GRIFFIE
1
Verslag MB d.d. 24 augustus 2004
Samenvattend verslag van de vergadering van de commissie Mens en Bedrijf, gehouden op 24 augustus 2004. Aanwezig. mw J. Kamphuis (voorzitter), J. Hoek (secretaris), G. Kamsteeg (PvdA), mw M. van Berkum-Schouten (CDA), C. Schaap (CDA), W. Kukler (GroenLinks), mw A. Klaassen (VOCH), R. van Mierlo (Hoorns Belang), H. IJskes (D66); A. van der Meer (Ouderenunie), H. van Lunteren (VVD), G. Otten (VOCH), mw A. Ponte (GroenLinks).

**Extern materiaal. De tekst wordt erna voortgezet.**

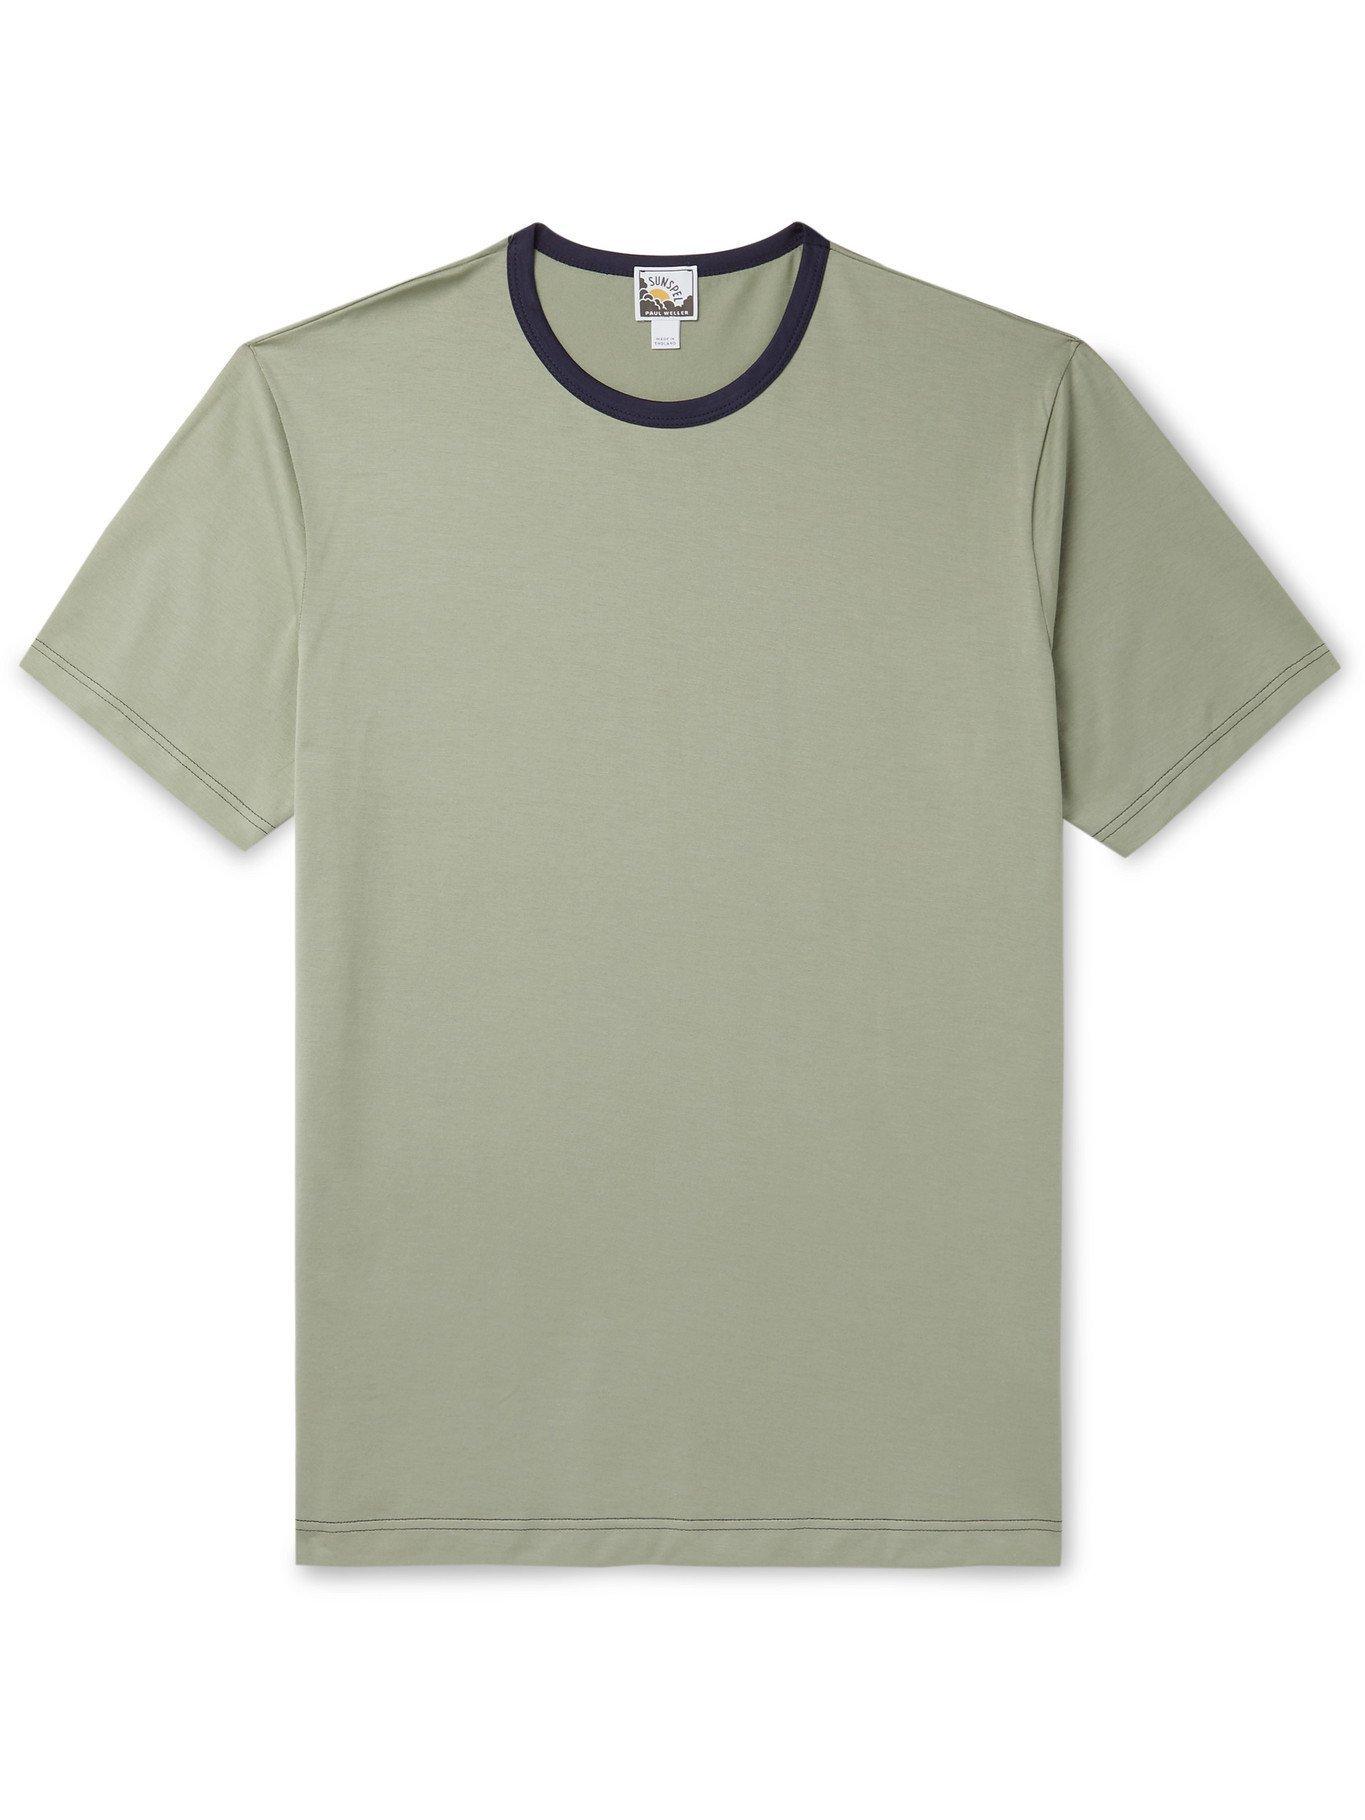 Photo: SUNSPEL - Paul Weller Slim-Fit Contrast-Tipped Cotton-Jersey T-Shirt - Green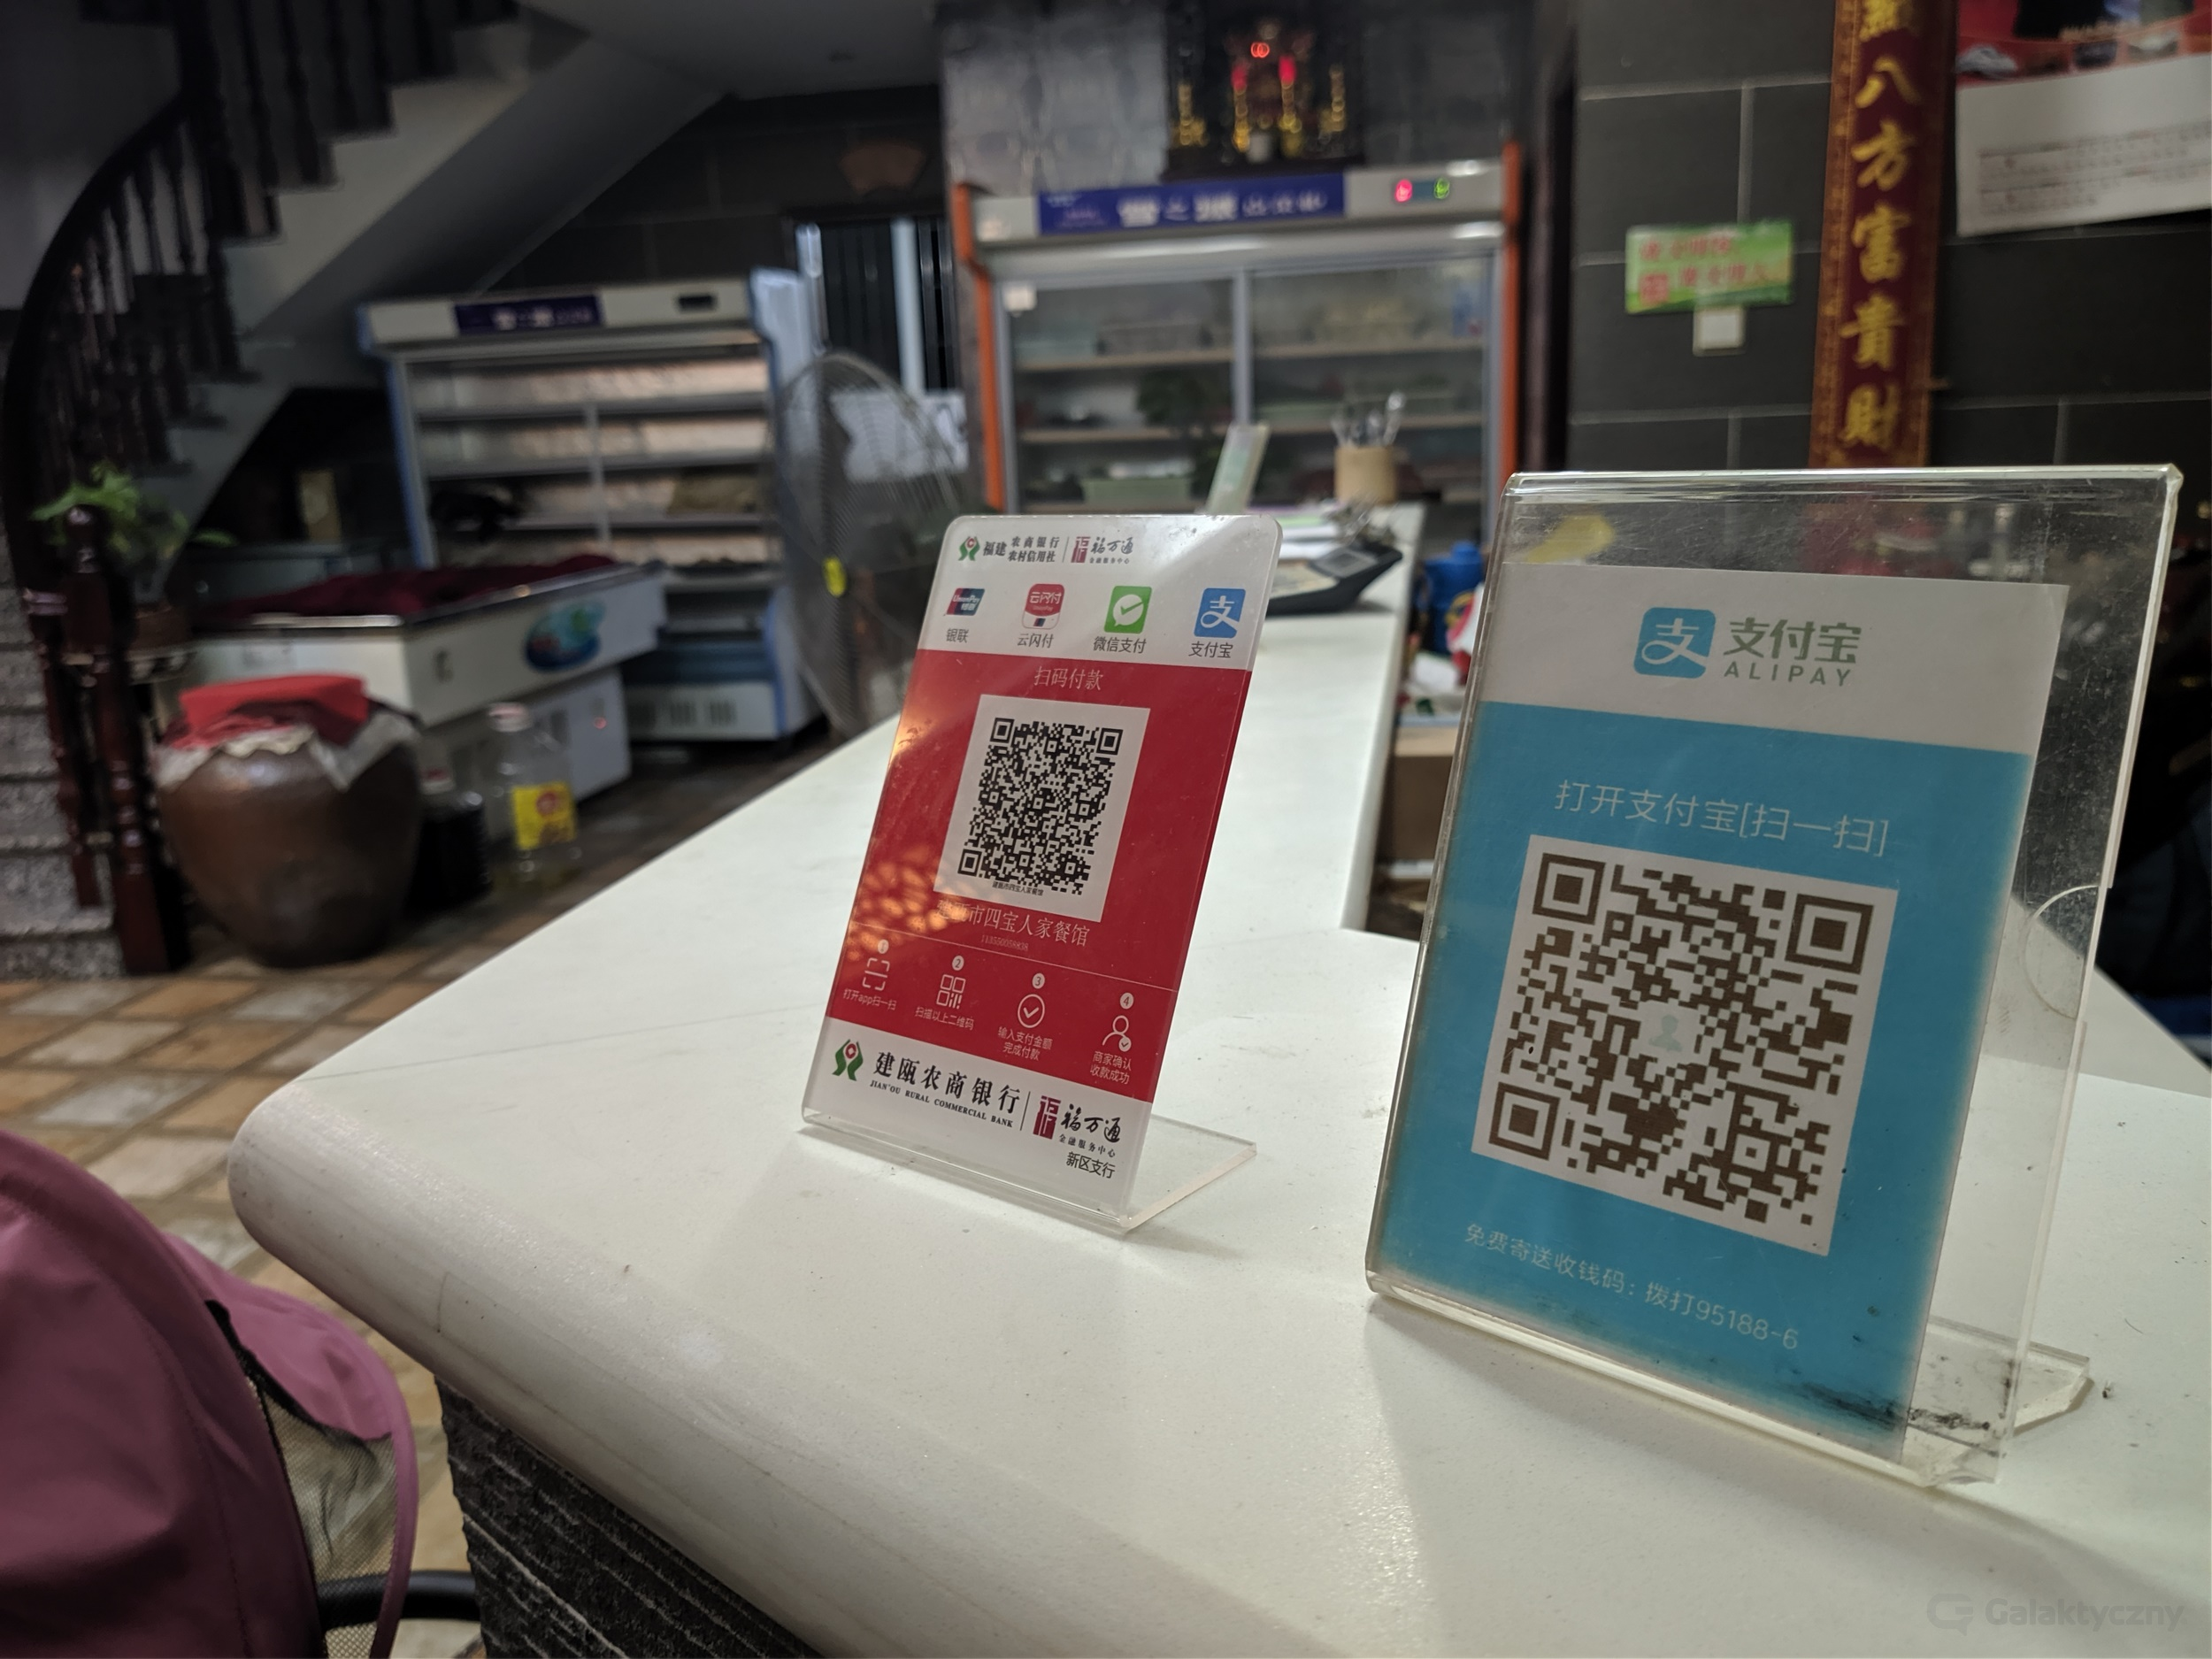 Ciekawostki z Chin - kody QR w Chinach

Afwezig met kennisgeving. Mw. A. Kraan (GroenLinks, niet raadslid); R. Roozeboom (Hoorns Belang), W. van Hilten (VVD); Mw M. Braam-Creebsburg (PvdA), P. Brandsen (PvdA). Overige aanwezigen. A. Helling (wethouder); afdelingshoofd Sociale zaken W. Krijgsman; mw D. Gelinck; J. Jhinnoe; M. Ooievaar; mw M. ten Harmsen van der Beek; E. Zeinstra.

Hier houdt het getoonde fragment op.